Only because they ask to come to us after spending time in the US....  (we just feel sorry for them).   So, we throw in free education and healthcare...We're 'nice' that way.


----------



## David Baxter PhD (Mar 20, 2010)

Threadjacking, split from http://forum.psychlinks.ca/resource...e-15-minute-rule-for-getting-things-done.html


----------



## Banned (Mar 20, 2010)

David Baxter said:


> I thought the 15 minute rule was for food dropped on the floor....


 
Maybe that was in your day, but now it's the five second rule.  Anything picked up within five seconds is edible.  After that, forget it.
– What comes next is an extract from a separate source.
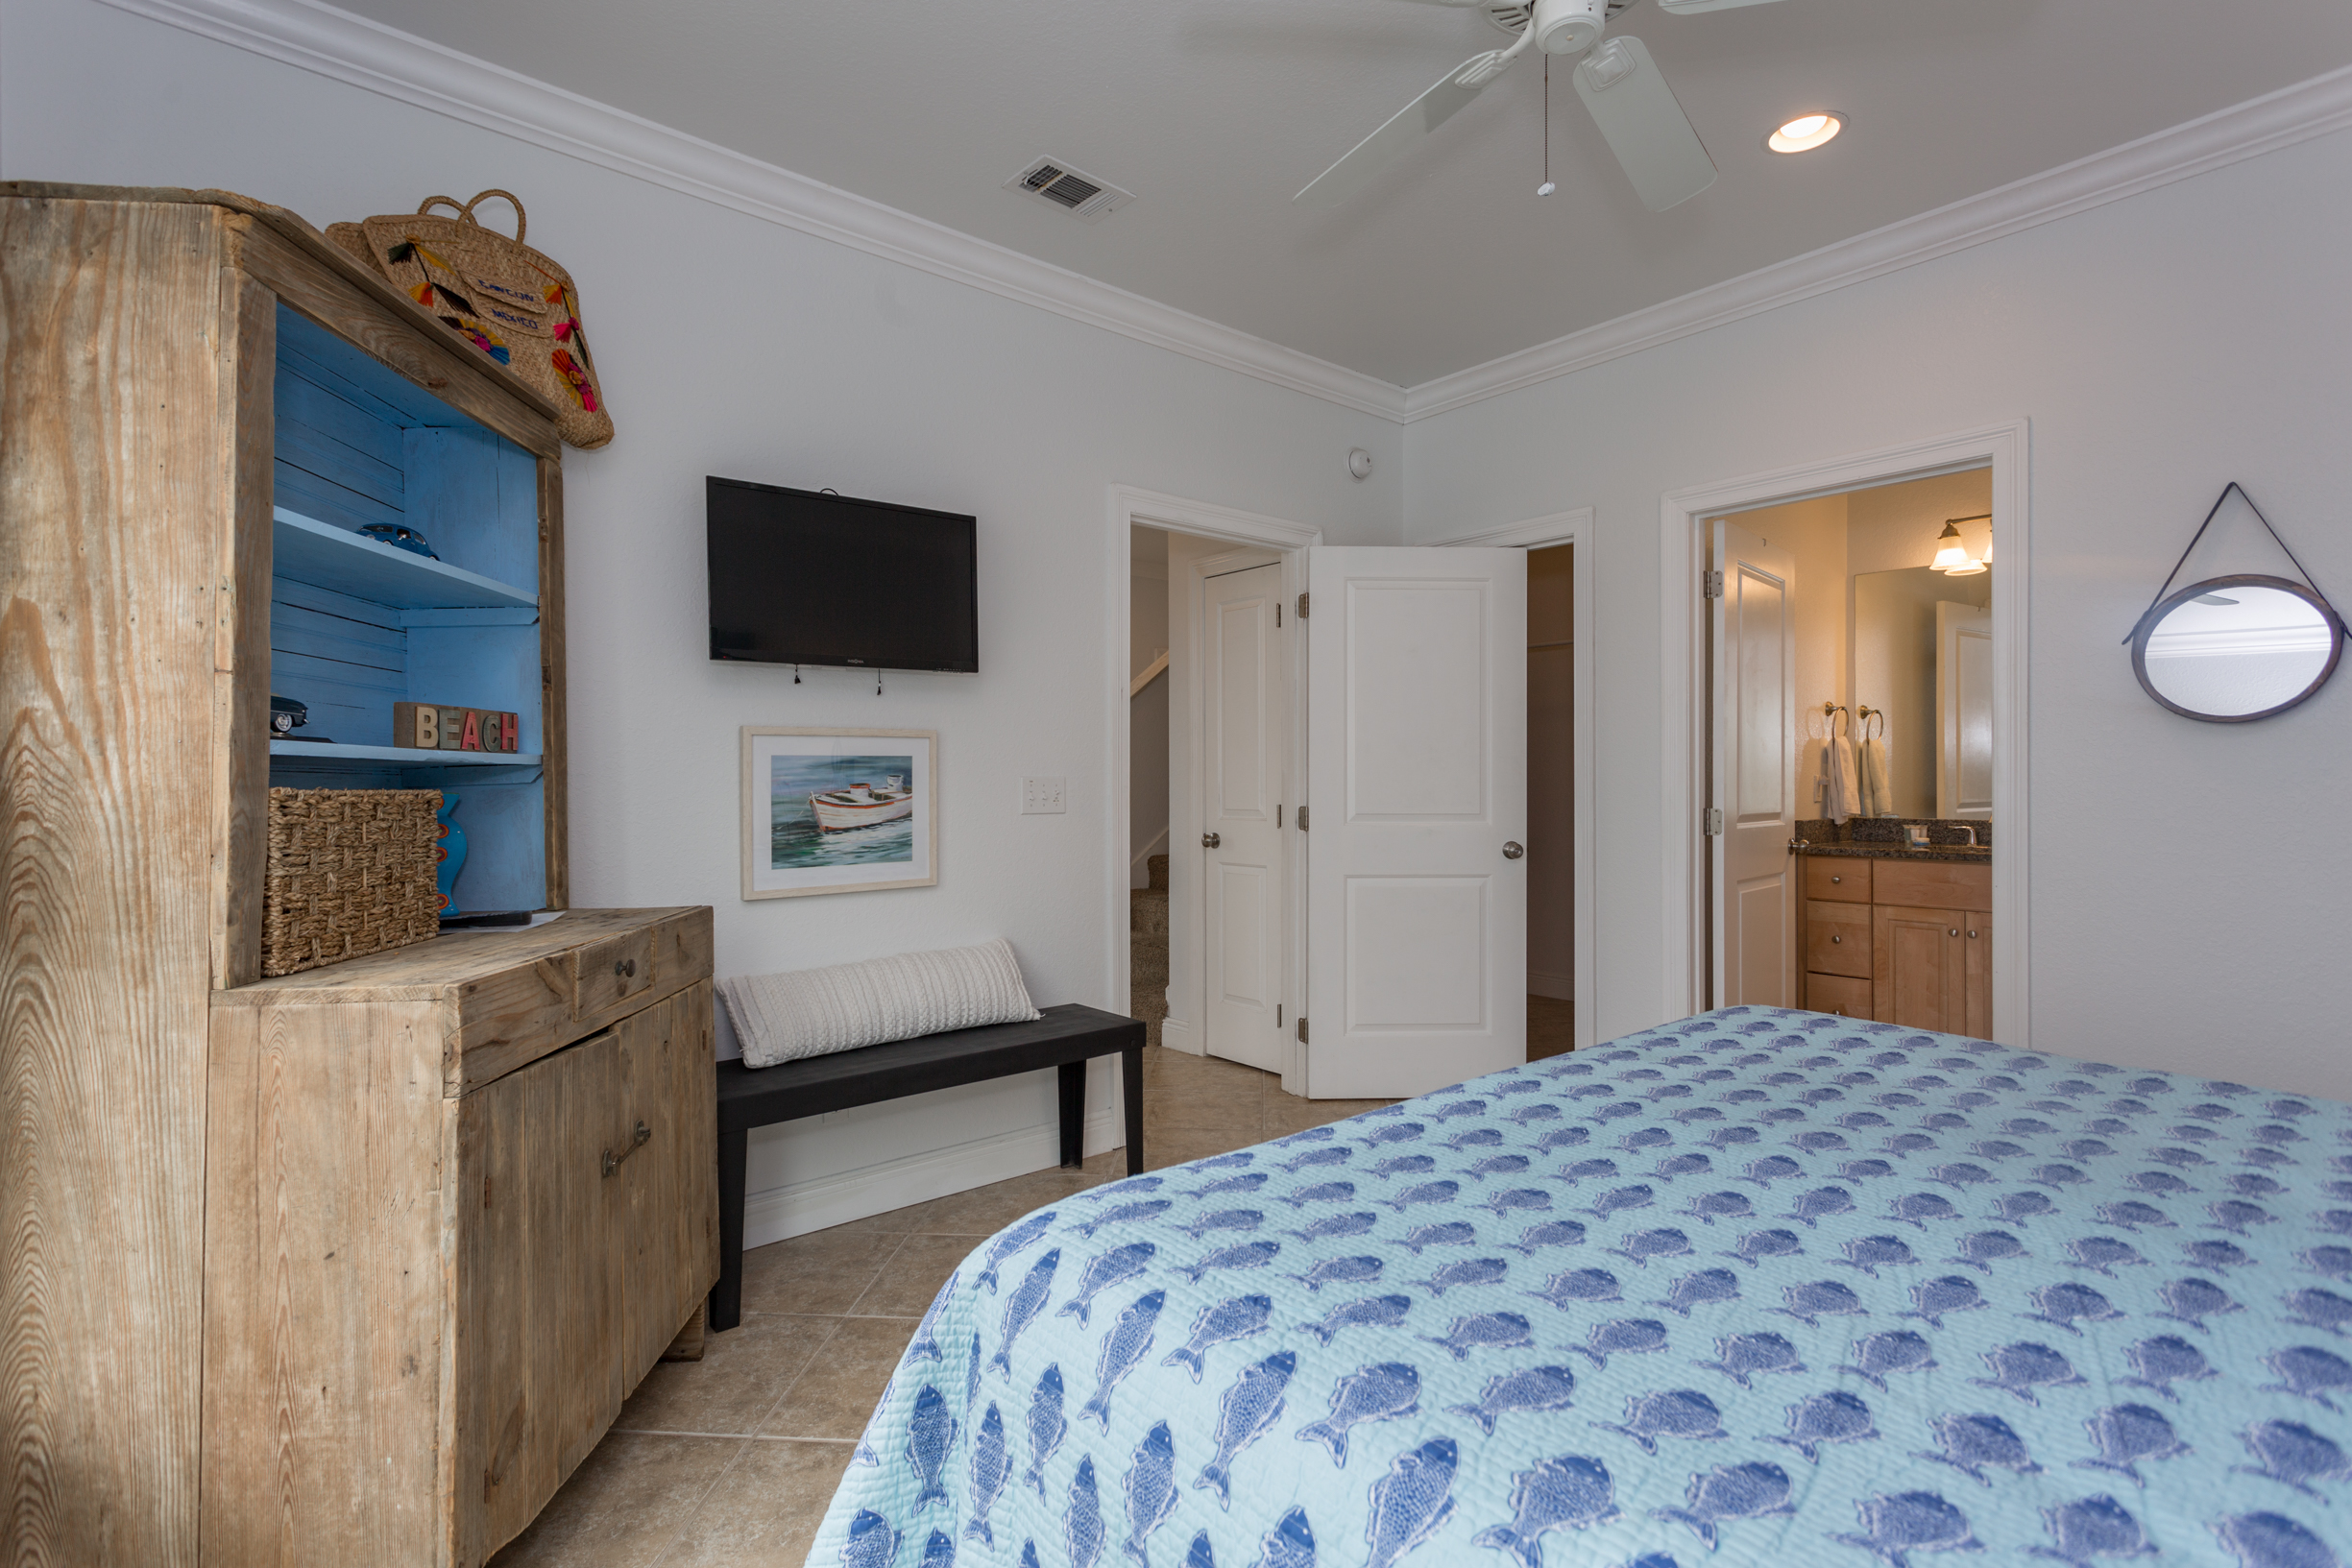 Ariola 1003 - The Starfish House House/Cottage rental in Pensacola Beach House Rentals in Pensacola Beach Florida - #24
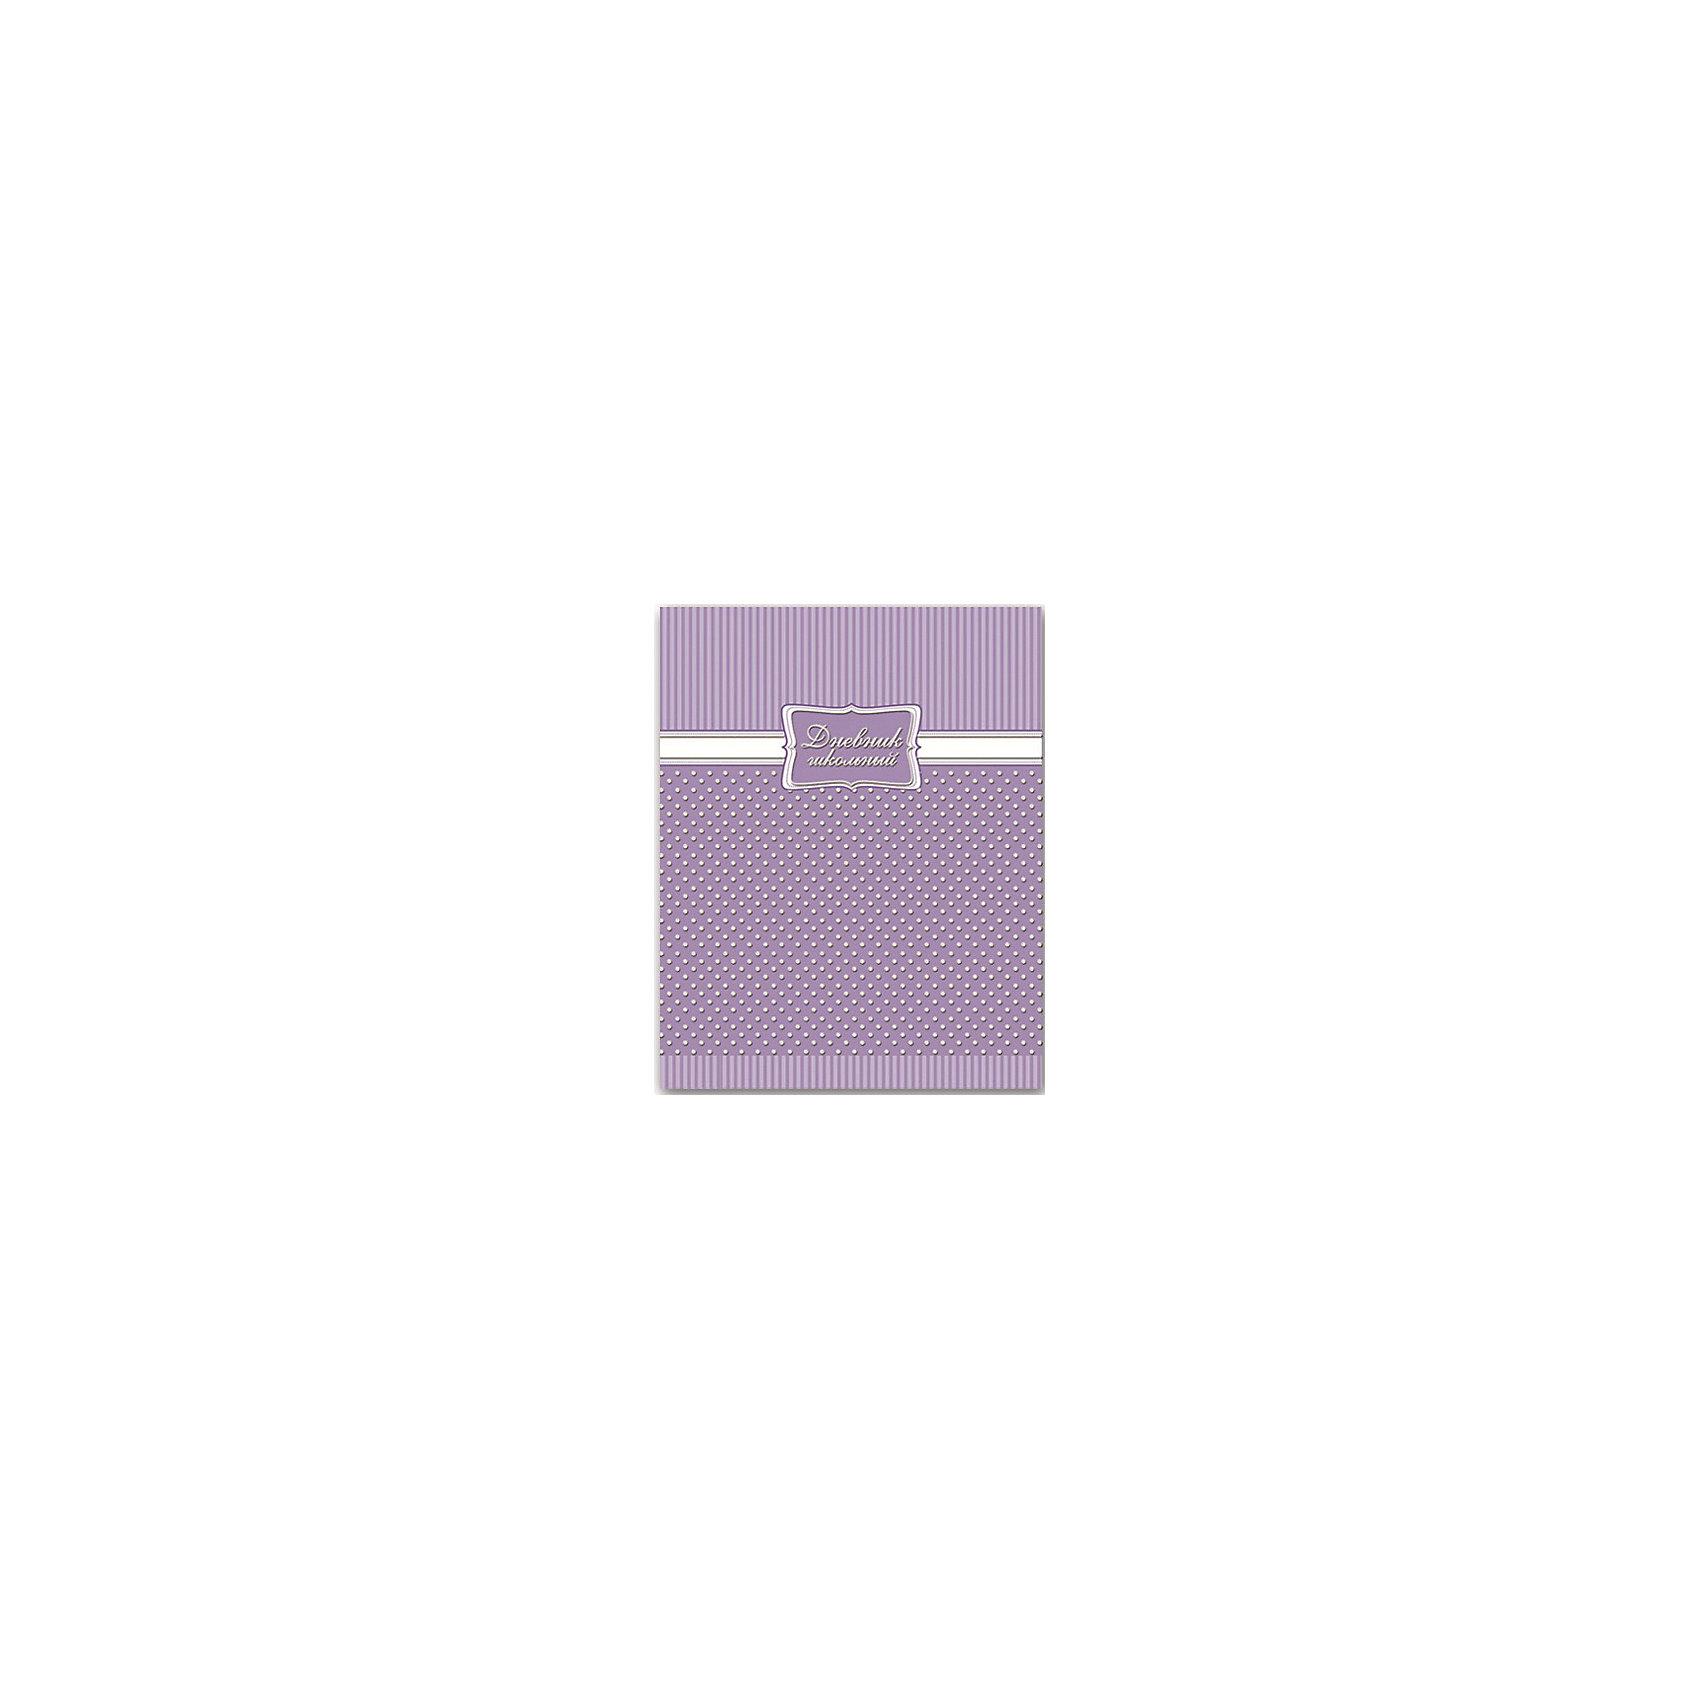 Феникс+ Дневник Кружева на сиреневом б д сурис фронтовой дневник дневник рассказы

Geez...15 minutes?  That's long enough for a colony of ants to come along and take it away.


----------



## David Baxter PhD (Mar 20, 2010)

Turtle said:


> Maybe that was in your day, but now it's the five second rule.  Anything picked up within five seconds is edible.  After that, forget it.
> 
> Geez...15 minutes?  That's long enough for a colony of ants to come along and take it away.


 
Hint: Mop, broom, vacuum cleaner, and ant traps.


----------



## Cat Dancer (Mar 20, 2010)

Turtle said:


> Geez...15 minutes?  That's long enough for a colony of ants to come along and take it away.



:lol: I died laughing. :lol:


----------



## Domo (Mar 21, 2010)

If you were at my brother's house, his dog would have snapped up any morsel mid air! None of this 15 second business :lol:


----------



## Cat Dancer (Mar 21, 2010)

LOL. My dog, Buddy, is like that too. You have to watch your fingers too.  I think he could make a good snack out of them.


----------



## Domo (Mar 21, 2010)

:lol: Cheddar is quite gentle when she takes food actually, however when she brings a toy to you to play with, she really loves to 'accidentally' have a little nibble on your hands.  

She really isn't fooling anyone though!

My brother was going to call their dog Buddy  It is a good name.


----------